I was ready for Peyton to be laughing then all a sudden go straight-faced and wonder, “Why the hell did I come on this show?” But, spoiler alert, that never happened. Nope. Not one joke about him putting his balls on a random woman’s head or taking enough HGH to make his head get so big it looks like you could get into his neck and ride it like a hot air balloon. The only thing that happened was Aww Shucks Manning closing out his set with a Tom Brady ball deflation joke. Almost like he was looking into the camera and saying, “I did it again, Jared. I win. You suck.” You know why this all happened? Because Peyton Manning is a dick.

You have to understand that it’s kind of my life’s work to explain to people why Peyton is shitty. I’m completely biased. I’m a Patriots fan and I’ve always felt like I was on the Tom Brady PR team. I’m like a lot of New England people where I can’t believe they are even compared. One guy was barely recruited then became the 7th string QB at Michigan then platooned with a highly recruited QB his senior year only to beat him out and win two bowl games. Then he comes to the NFL as a 4th stringer and works his way up to starting after a franchise QB gets hurt and then takes that team to the Super Bowl AND WINS.

The other was the coach’s son. Highly recruited then never wins the big one. Picked first in the draft and puts up gaudy stats and plays out the bulk of his career with playoff disappointments until he gets lucky a couple of times. And yet, people can’t separate Brady from his looks and his hot wife and how people from New England are horrible at handling any type of success enough to not hate him. When the deflation thing happened I knew the pile on was going to happen. How could it not? You could annoy an obnoxious person from Boston who would take the whole thing way too personally. You got to take down the guy that was richer and hotter and fundamentally better at life than you. I got that. But I’ll never understand Peyton’s free pass.

I’m not asking you to love Tom Brady. I’m not even asking that you remember how much Peyton padded all his stats with superior receivers and good running backs while playing in a dome for most of his career. I’m also not asking you to go rally in the streets because he allegedly sexually assaulted a trainer then got brought to court for defamation for repeatedly talking badly about the person he assaulted in his autobiography and on TV. I’m also not asking for blood records to test for if he actually took HGH or if it really was his Olympic style weightlifting wife. I’m not even asking you to google “Peyton Manning Intimidation” to see that he may have had some friends visit key witnesses in the HGH allegations so they could get their story straight (I’ll do that for you). Don’t do any of those things. I’m just asking that you look at Peyton through a more cynical lens.

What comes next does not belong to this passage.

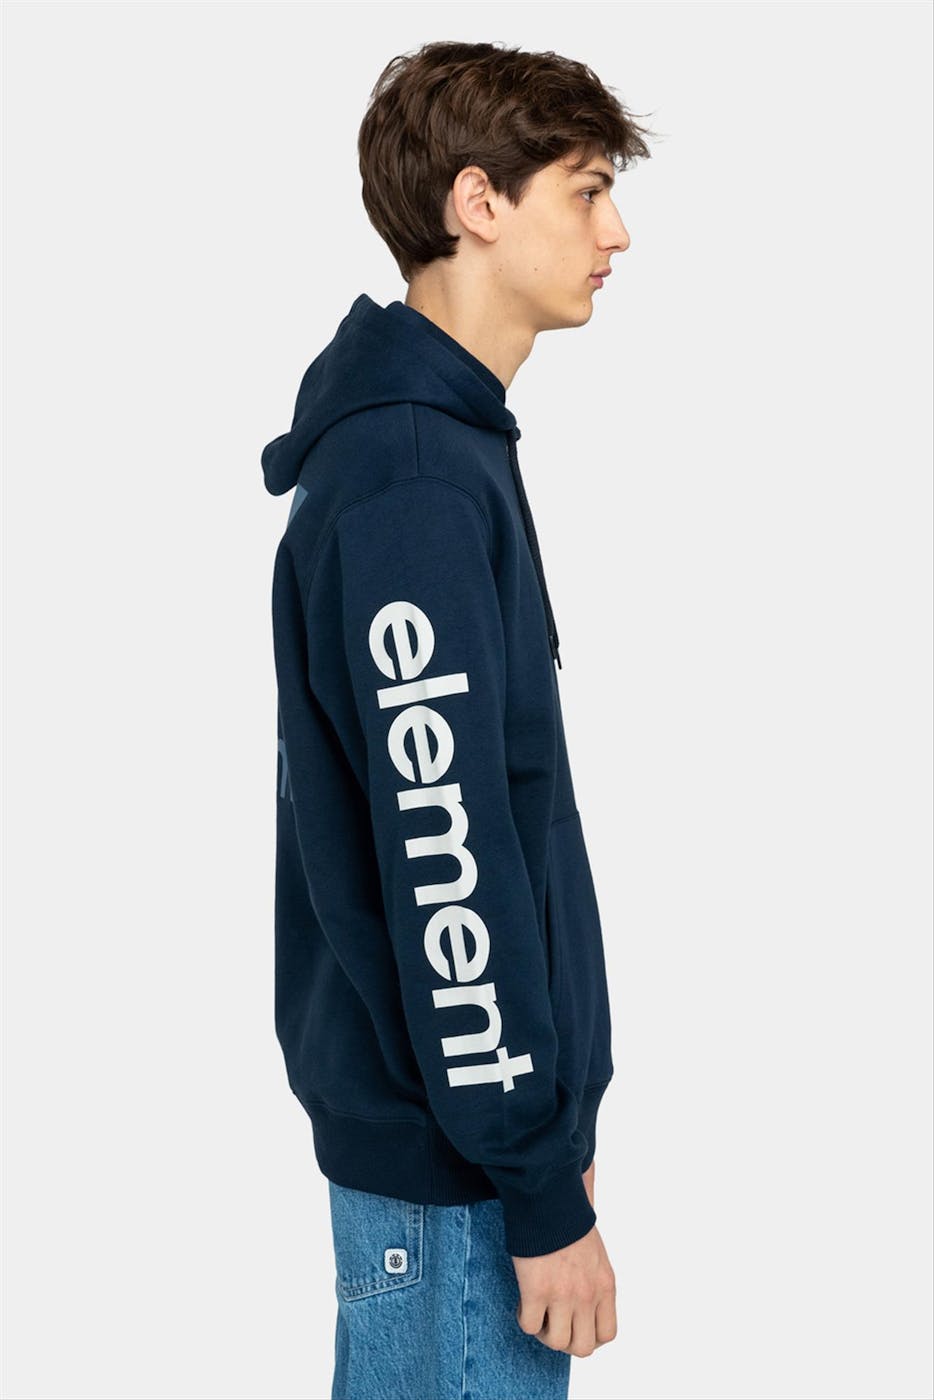 Element - Donkerblauwe Joint hoodie
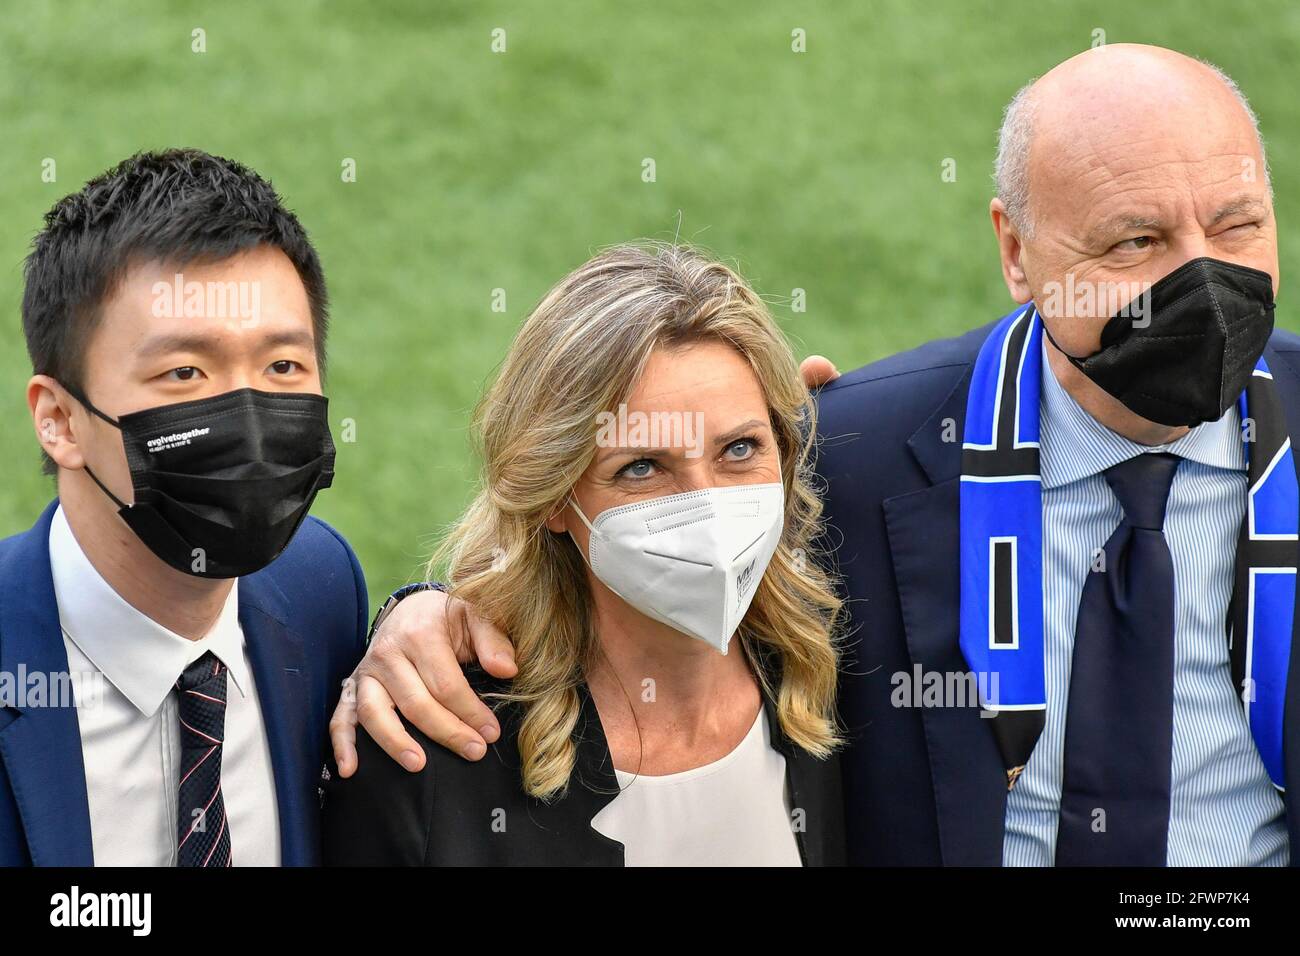 Steven Zhang, Valentina Vezzali e Giuseppe Marotta durante la serie A match tra FC Internazionale e Udinese Calcio allo stadio Giuseppe Meazza Foto Stock

In the weeks leading up to the roast, I watched a few of the comics practicing their jokes at the clubs here in NYC. I laughed at the ones about his alleged sexual assault and the HGH. I watched again on TV when they never happened. But how could that be? How could comics just throw away their most scathing and funny jokes? They didn’t. They were cut out. They weren’t aired because Peyton didn’t want them to be aired. He’s got a persona to protect. He’s got pizzas to sell. He’s got his aww shucks routine that doesn’t go well with a “balls on the head” joke. He came to the roast with his bat and ball, and when everyone else wanted to play with them, he said that they were his and he was going home.

And while he walked out, he made fun of my best friend. Sounds like a dick.